That joke reflects the sort of negative attitude that existed in Moscow. Another example is the play that was put on in 1982. It was called "Tak Pobedim" ("Thus Shall We Win") and centers on Lenin’s last days. Originally it was thought to be a good play for the Twenty-sixth Party Congress. The playwright, Mikhail Shatrov, thought it would be fascinating to write because Lenin’s last days reflected a man who was losing his power - a similarity to Leonid Brezhnev. Lenin clearly saw, by the way, that Stalin was an evil influence on the Communist Party of the Soviet Union. He had been rude to Lenin’s wife, Krupskaya, and Lenin had written, in what has been known as his testament, words to the effect that after my death, Stalin should not be allowed to become the general secretary. He is too rude, he doesn’t know how to handle the comrades properly; he doesn’t take account of all the different points of view.

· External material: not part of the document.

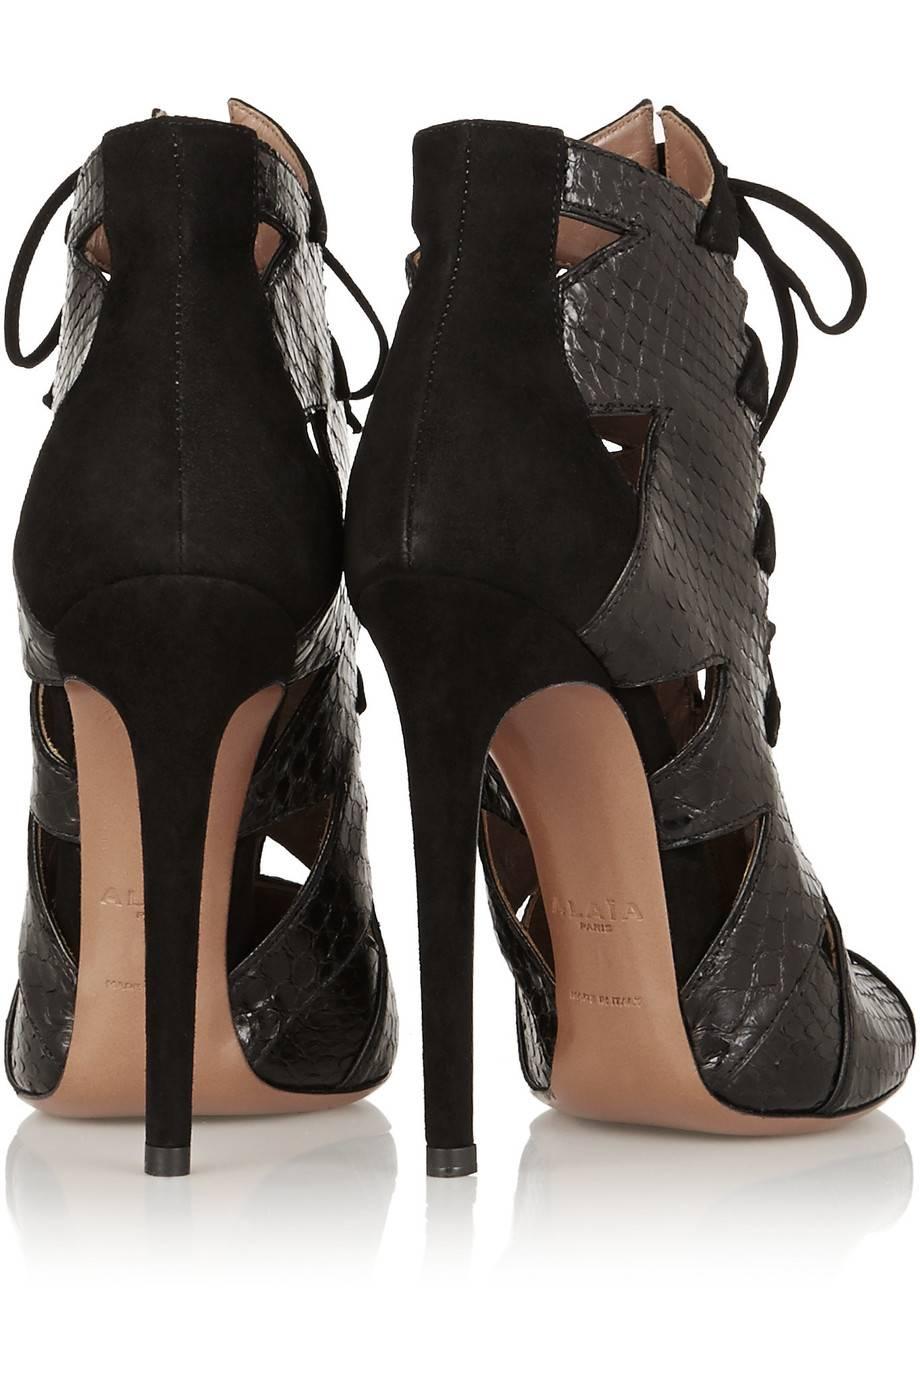 Alaia NEW & SOLD OUT Black Leather Suede Laser Tie Up Ankle Boot Booties in Box  2

It was very difficult to get this play on the stage. Plays, as well as books, go through a type of censorship before they are shown to the public. In this particular case, a report on the play was sent to the Marxism-Leninism Institute, and the report came back that this play should not be shown under any circumstances. The objections were that Lenin was shown as a dying man, mortal, and about to disappear - all negative aspects. In the play, Lenin says of one of his colleagues, "And Martov is also dying." Behind the scenes there was great objection to this phrase, because it emphasized Lenin’s mortality.

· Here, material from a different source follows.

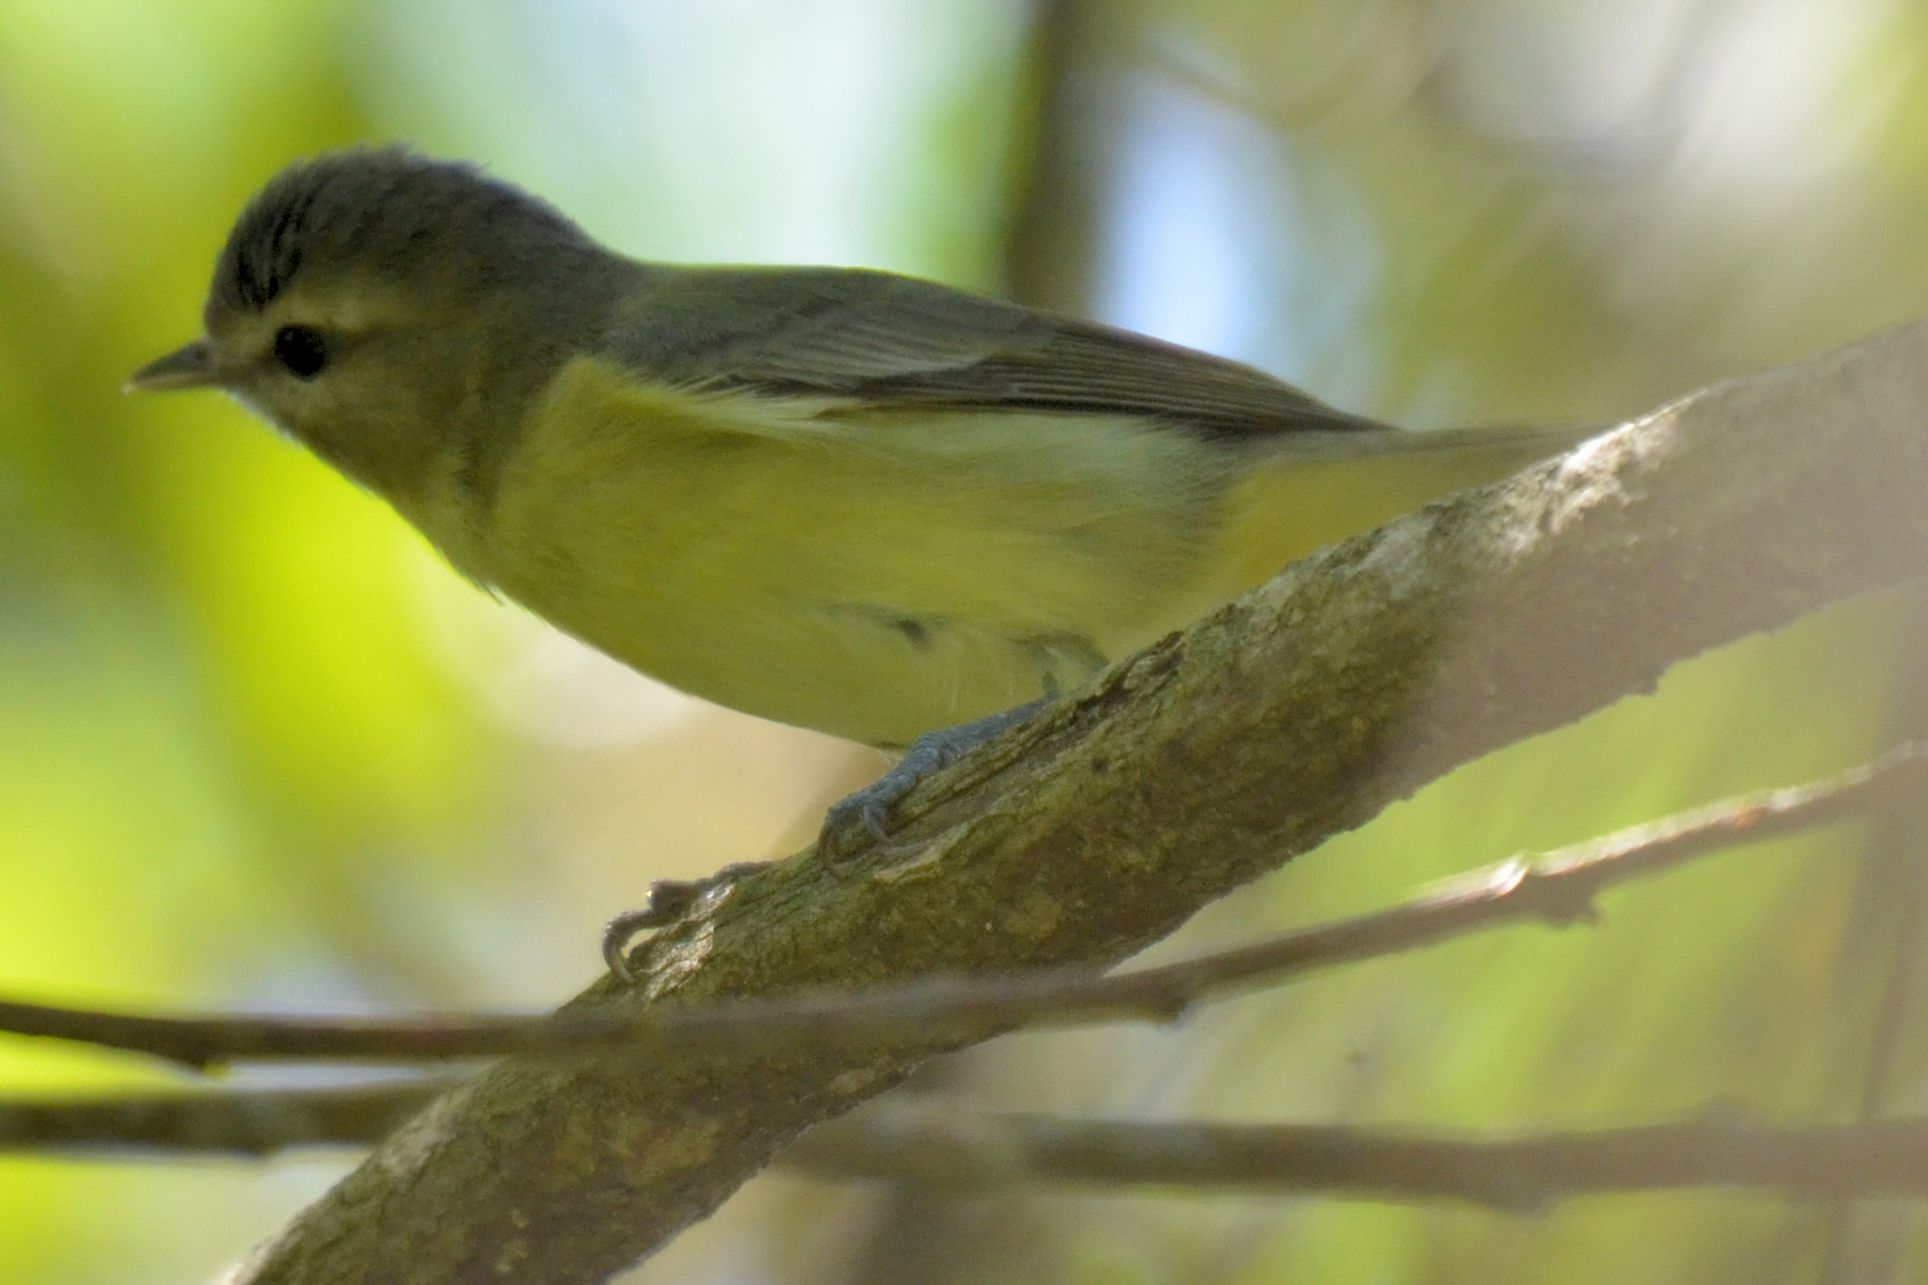 Click picture to see more Philadelphia Vireos.

Finally, Mikhail Suslov, then the number-two man in the Politburo and the ideological czar, got wind of the play and canceled it. Only after Suslov’s death did a movement arise to get the play back on stage. And, here again, a new struggle began. Could you put on this play at a time when a leader like Leonid Brezhnev was actually dying? Brezhnev’s aides came to see the play, then other important party figures saw it, and finally they agreed that the play could go on. Apparently the play was permitted for two reasons: First, it showed Lenin as a more human person, as a real individual, not as God - as he is often looked upon in ordinary Soviet propaganda. Lenin was presented as an individual who had to face different points of view from his colleagues and who had to make decisions by persuading. Second, like Brezhnev, Lenin was leaving the political scene. In those days of 1982, many rumors were circulating that Brezhnev could not really govern anymore. So for the whole Politburo to show up at the play, along with Brezhnev, was a provocative, oblique way of telling the world that Brezhnev had not left the political scene, that he was there and governing.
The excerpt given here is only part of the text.